Глаз уже желтел и даже появились фиолетовые контуры, что сулило скорое исчезновение синяка. Джинсы и джемпер с футболкой давно не были такими чистыми, а вот лицо было помятым, уже достаточно небритым, а волосы, зализанные в стороны.
Елизавета вместе с гранд‑дамой выдержали его отрицание больницы, и девушка не оставила затеи отвести его в больницу. По пути она рассказала очень кратко о тех, трёх днях, которые он проспал. И о том, что переживала за него, и что не нужно было лезть в драку, она знает, что лучший рецепт, это не отвечать на подобные притязания, кои были в её адрес, а нужно молча уйти.
Василий хмыкнул, сказав, что это как раз неправильно, а если бы…
– Ну, какие если? Это же человек так от бессилия поступает.
– От бессилия? А если бы он действительно что‑то сделал?
– Человек либо делает, либо говорит.
– А если бы он не говорил, а делал?
– На этот случай у меня перцовый баллончик. – Она сказала это с таким же равнодушным тоном, как говорила бы о том, что в кармане у неё билет на метро или корм для кошек.
Парень искоса посмотрел на девушку уже совершенно другим взглядом.
Сотрясение было средней тяжести, дольше сидели в очереди на приём. Елизавета расспрашивала, где он учится или где работает, раз не учится. Впервые было стыдно, он ощущал, как уши багровеют, хотелось вскочить и убежать.
На его мнимо равнодушное пожатие плечами, она посмотрела на него искоса, он не мог не уловить этого. Уловил. Смутился. Понял, что разочаровал. Разочаровывать не хотелось. Зачем‑то открыл рот и поток оправдательных фраз, которые при этом напыщенном равнодушии казались дерзкими и напыщенными.
Дома было всё так же без каких‑либо изменений. Гора тряпья в коридоре, стол облеплен пустой, грязной посудой, пьяные, барахтающиеся на ветхом, поскрипывающем диване родители.
Раньше это всё было обыденным, просто обстоятельства, просто так есть, просто вот такая жизнь. Сейчас он смотрел на это с грустью, с той же тяжестью, что думают о понедельнике, когда не любят свою работу или идут удалять зуб, потому что спасти его нельзя, а он пульсирует болью. Аккуратно сложил одежду на стул, так же стопкой, как протянула Ядвига Дмитриевна.
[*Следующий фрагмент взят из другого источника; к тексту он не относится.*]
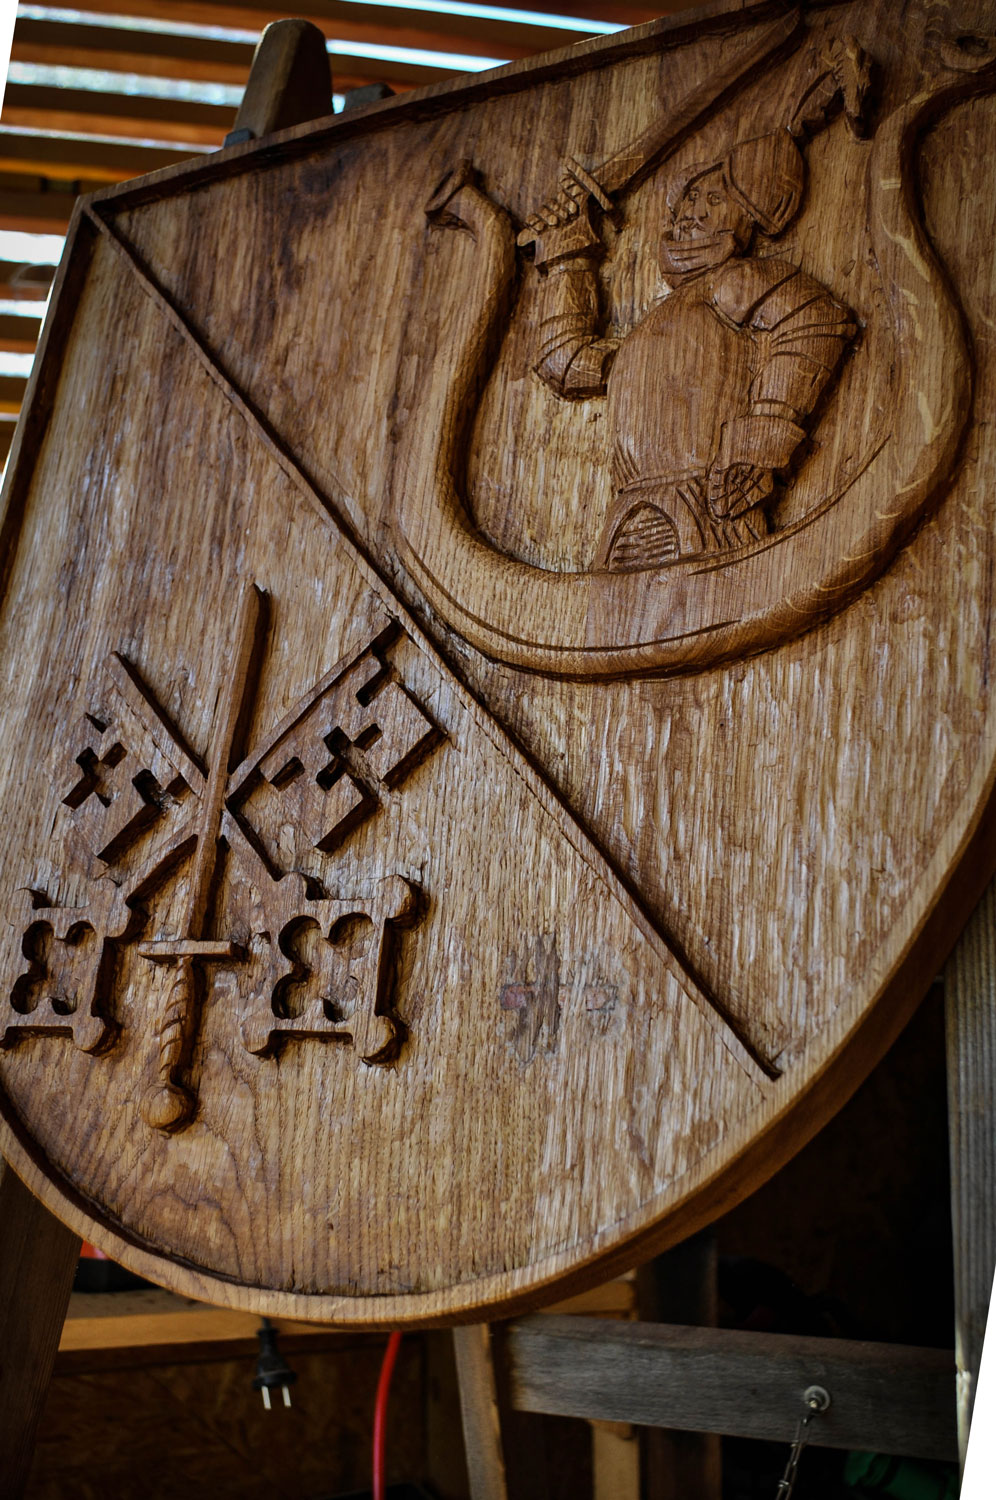 drevorezba-vyrezavani-carving-wood-drevo-socha-znak-erb-emblem-radekzdrazil-20210623-02

Наверное, он впервые позаботился о том, чтобы сложить свои вещи, не швырнуть на тот же стул, а аккуратно сложить. Подтянул книгу, протёр обложку, расправил, погладил, снова открыл на первой странице, пробежал глазами пару строк, и отправил её обратно под кровать, отвернувшись набок к стене.
О чём он думал? О потерянном друге. О том, был ли он ему другом. Надо было ли так поступать и как можно было поступить по‑другому. Вот, он же сам начал. Но он всегда ведёт себя как дурачок. Прямо совсем кретин, но хороший и добрый. Но она, хрупкая и добрая, хоть и с перцовым баллончиком в кармане. Да, она не сможет даже воспользоваться им. Это мысль пришла резко, кольнула остро. Его словно подбросило на кровати, Василий перевернулся на другой бок и уставился в пустоту.
Фрагментами он вспоминал кухню, на которой провёл, оказывается, три дня, а помнит разве что день, когда рвало и утренний завтрак. Захотелось пойти на собственную кухню и привести её в порядок, но первый раз сдержался, потом подумал ещё раз и на третий раз было ринулся в бой. Спихнул охапку стаканов и стопку тарелок в жёлтую раковину, покрутил в руках металлическую пепельницу, вытряхнул содержимое в ведро, источающее какой‑то смрад. Сел на подоконник закурив. Выкурил сразу две подряд и был таков, на этом кухня была снова забыта, а плоская кровать с мятой простынёй притянула его обратно.
6
Несколько дней Василий обдумывал, позвонить ли другу, нет, не тому, что зарядил ему бутылкой в лицо, а другому, тому, что был действительно другом, а не дурачком. Нет, пока не хотел.
Думал и о том, чтобы пойти и поблагодарить заботливых хозяек, которые всё же низвергли его с пьедестала героя‑спасителя, но приютили.
– Крёстная, привет!
– Привет! – Голос был недовольным и своей интонацией демонстрировал снисходительный тон беседы.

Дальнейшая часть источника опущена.